EXERCISE: Your response should contain exactly the lines running from the one with "Ligne Maginot - LONGUYON" to the end of the data below, both included, and no pictures.

RECORDED DATA:
- Opening Delimiter -

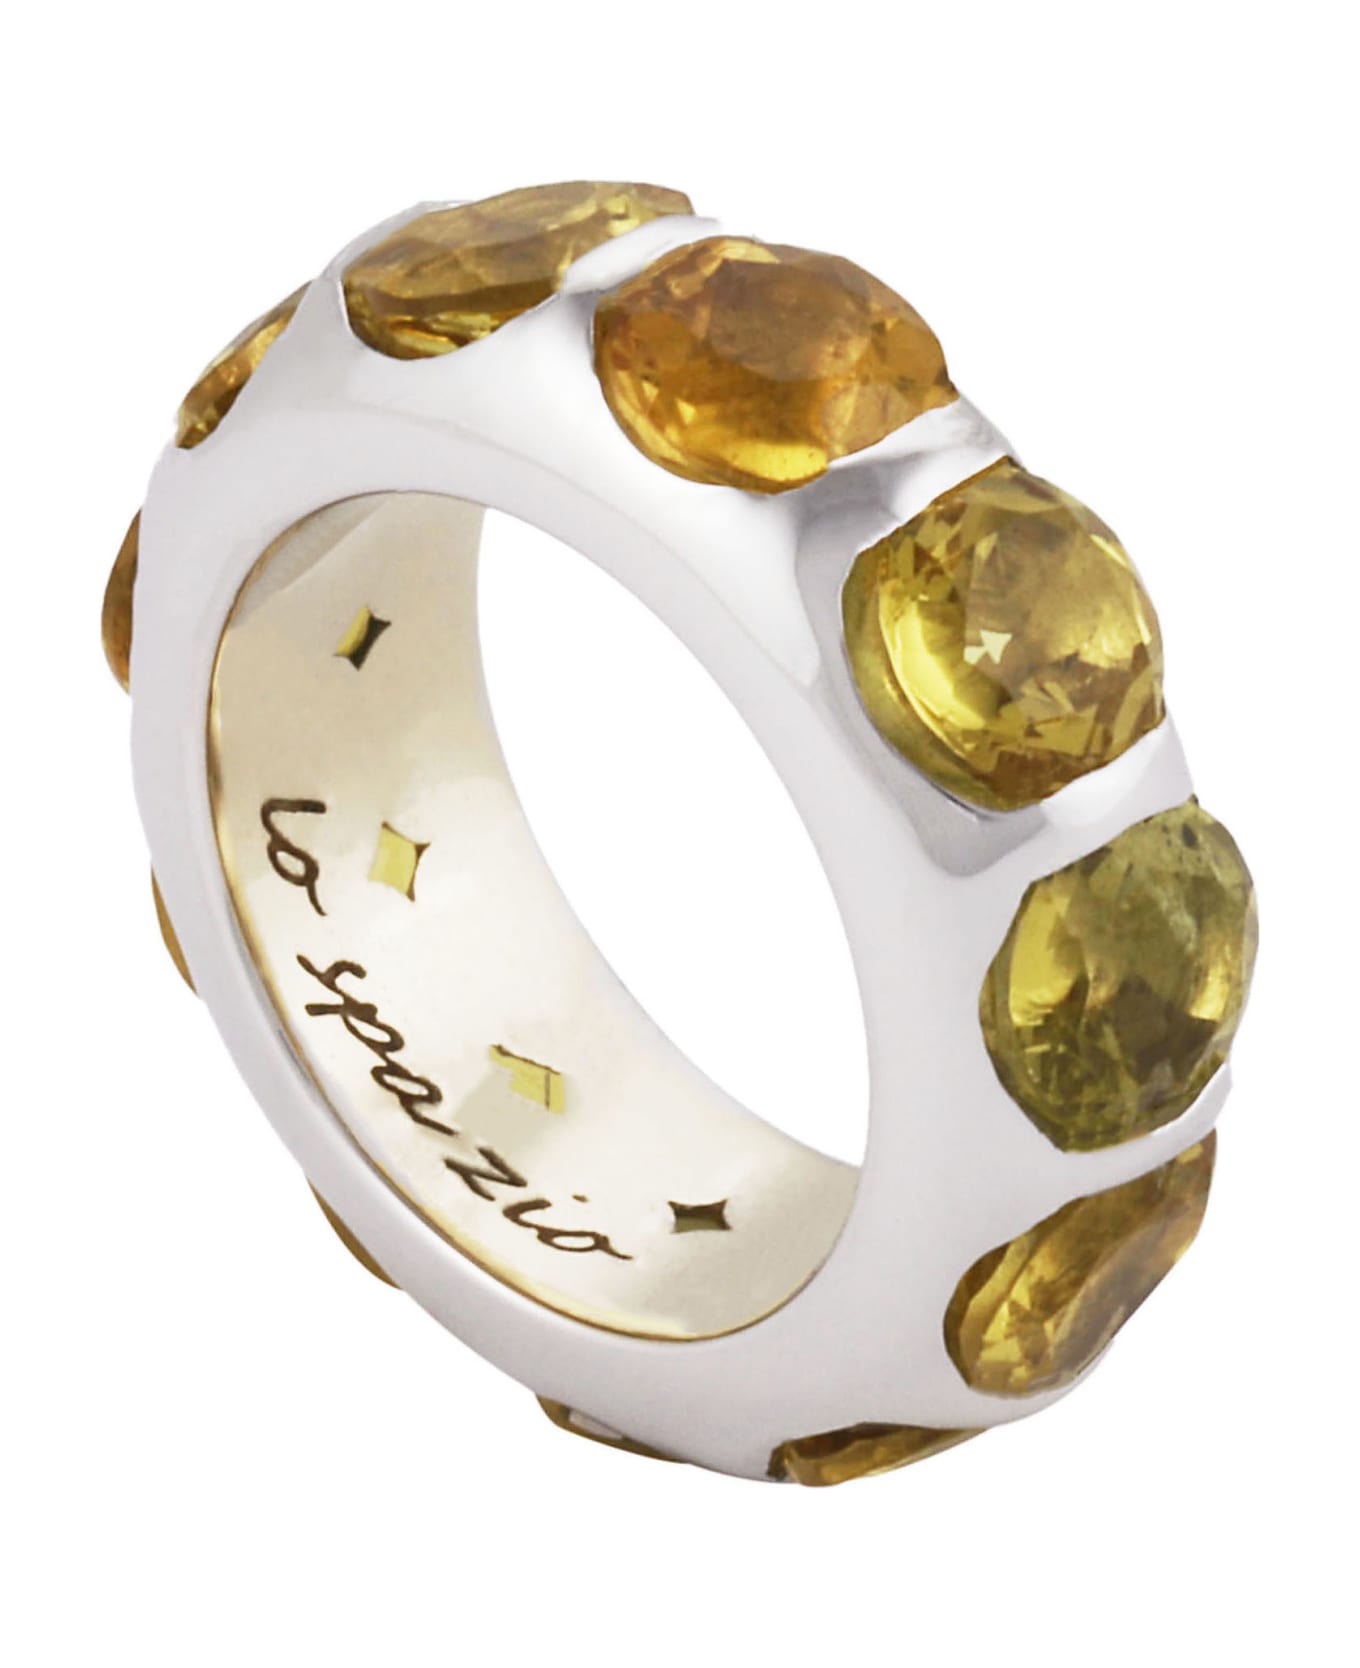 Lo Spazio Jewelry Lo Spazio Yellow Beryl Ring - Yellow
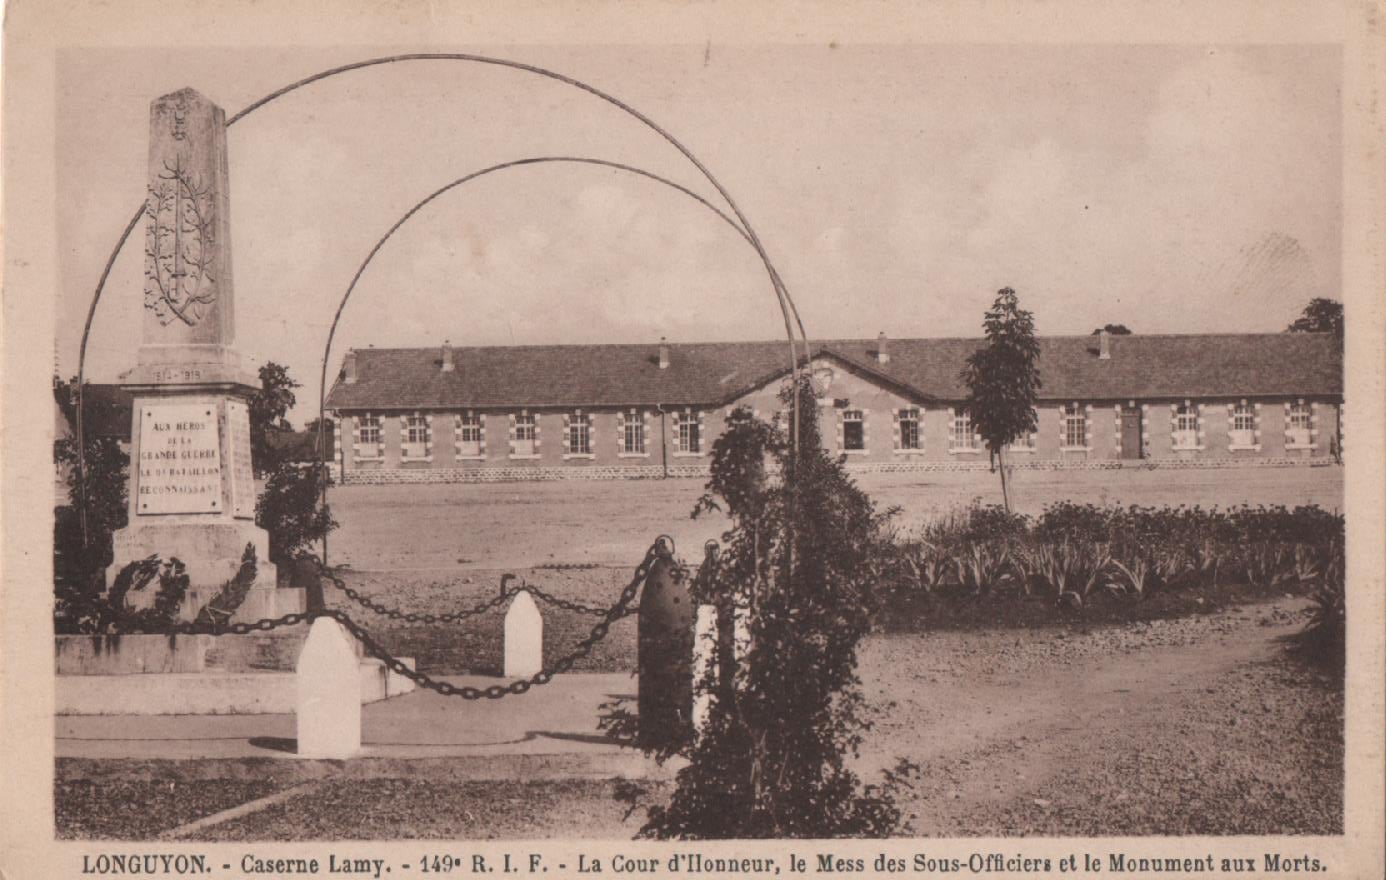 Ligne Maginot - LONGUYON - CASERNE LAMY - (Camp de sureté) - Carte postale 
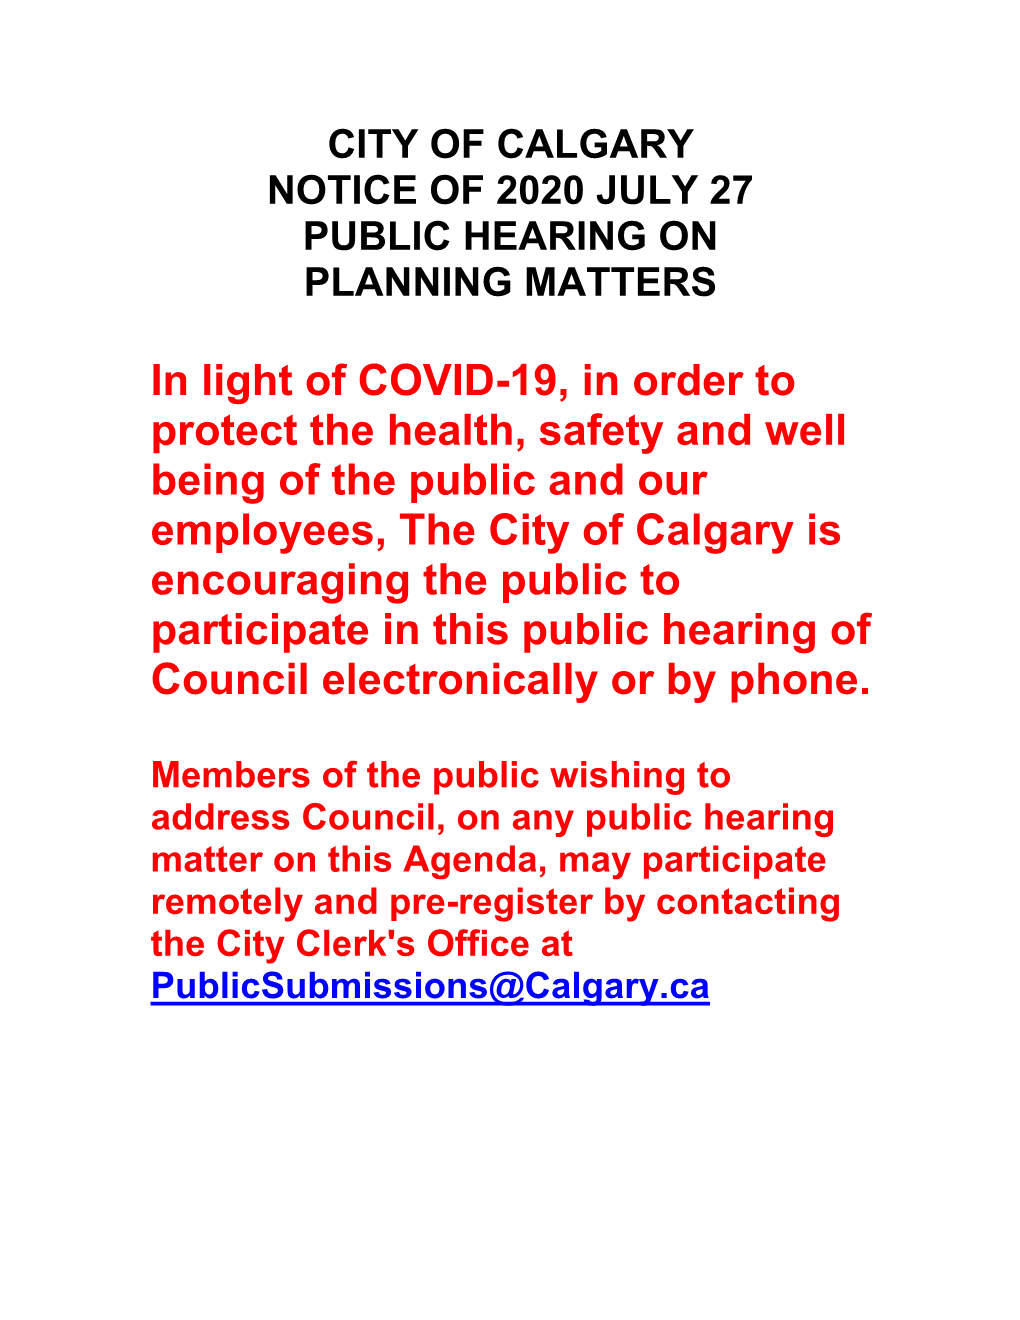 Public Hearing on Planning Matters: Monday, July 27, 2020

- Closing Delimiter -

ANSWER SPACE:
 Ligne Maginot - LONGUYON - CASERNE LAMY - (Camp de sureté) - Carte postale 
 Public Hearing on Planning Matters: Monday, July 27, 2020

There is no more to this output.